Если исполнить дурацкое приказание с предельной идиотической тщательностью, приказание становится окончательно смешным. На этом построены русские народные сказки про солдата и генерала. Поэты филологической школы так и поступали — как в сказке. Они изображали не просто советских людей, а сверхсоветских людей, которые выполняют любое приказание начальства с невероятным тщанием. Советская молодежь должна заниматься физкультурой и спортом — закаляться, как сталь. Молодые филологи доводят эту эстетику до идиотической законченности.
Перформанс «Даёшь электрификацию!». Рид Грачёв, Михаил Красильников, Эдуард Кондратов. Ленинград, середина 1950-х. Из архива Льва Лосева
Владимир Герасимов вспоминал, что Кондратов, который учился в Школе милиции, приходил на филфак в милицейской форме. «И мы с Лешей Лосевым получали очень большое удовольствие, гуляя по факультетскому коридору: Кондратов в середине, мы по бокам, чтобы все знали, что у нас в милиции есть свои люди».
О другой кондратовской эксцентричной выходке вспоминает Михаил Еремин:«Тогда существовали так называемые перронные билеты. И встречая кого-то, мы могли благодаря милиционеру Еремину не платить этот самый рубль. Он мог провести к поезду без „перонного билета“. Как-то встречая наших друзей, нас человек тридцать собралось на Московском вокзале… Александр Кондратов, будучи в милицейской форме, подошел к контролеру и сказал: „Эти со мной“, и мимо изумленного контролера прошло человек 30. Это не было проявление жадности или скупости. Мы не были людьми богатыми, но рубль у каждого был».
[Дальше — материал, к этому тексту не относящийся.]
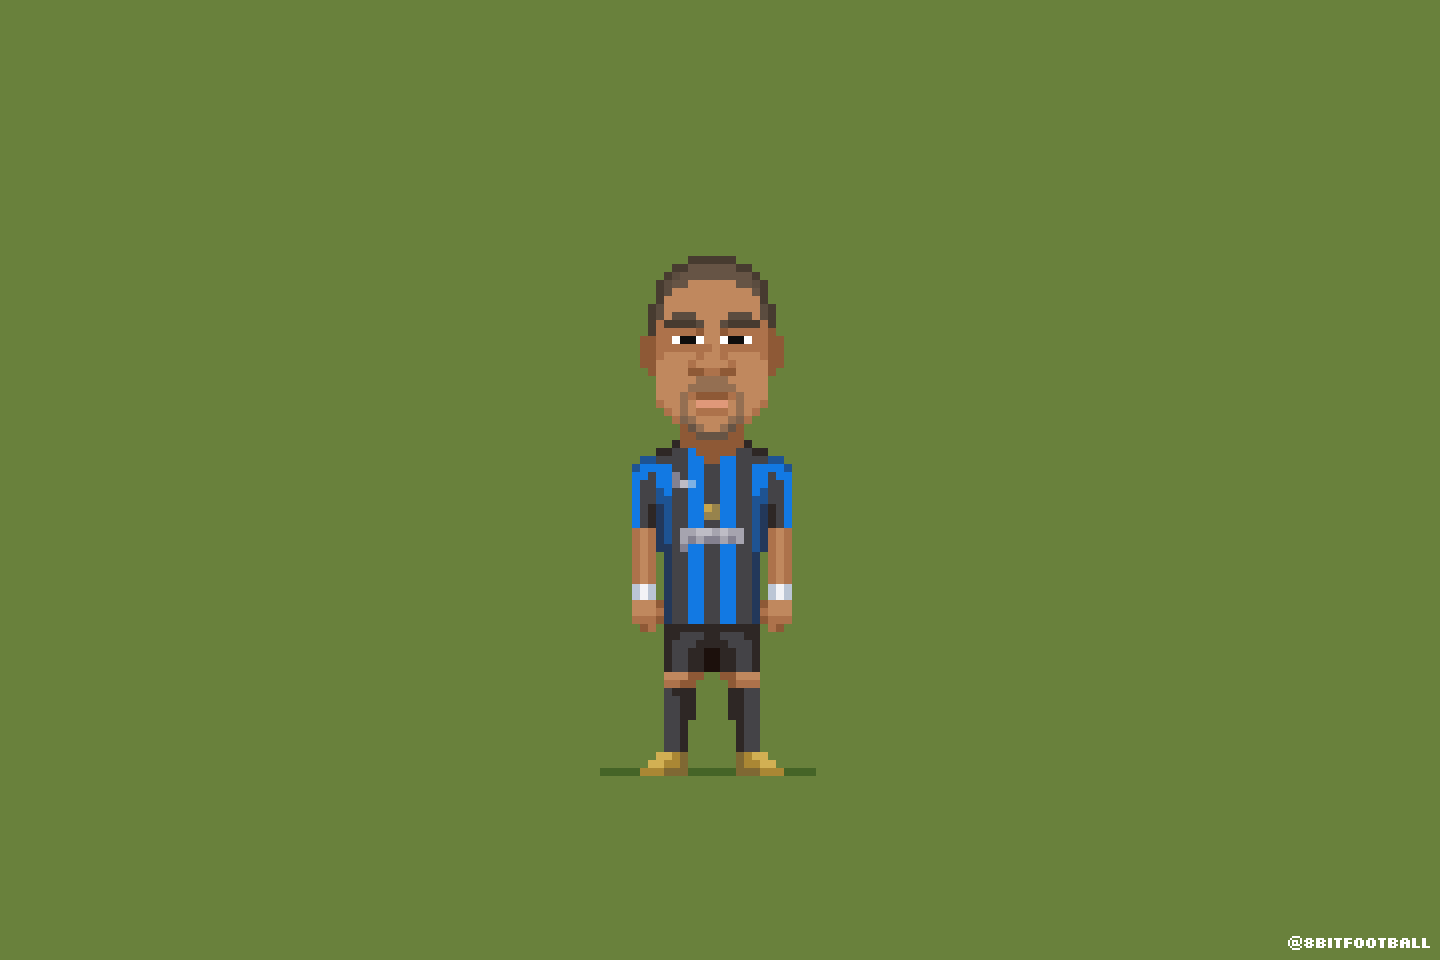 Adriano (Internazionale times)

Открытие купального сезона на спуске перед зданием 12 коллегий в апреле 1956 года. Владимир Уфлянд, Александр Шарымов, Михаил Красильников, Александр Анейчик. Из архива Н. Шарымовой
24 апреля 1956 года Уфлянд и Красильниковым открывали на Неве перед филологическим факультетом купальный сезон: по Неве плыли льдины с Ладожского озера, и Уфлянд с Красильниковым ныряли от льдины к льдине. На берегу стояли друзья наготове со шкаликом водки. А Еремин нес им вещи по Дворцовому мосту, чтобы они могли на том берегу реки одеться. Был принят за грабителя, но «остановивший меня милиционер понял, в чем дело, и беспрепятственно пропустил меня к месту выхода моих друзей на берег. Замечательные были времена», — вспоминал Еремин.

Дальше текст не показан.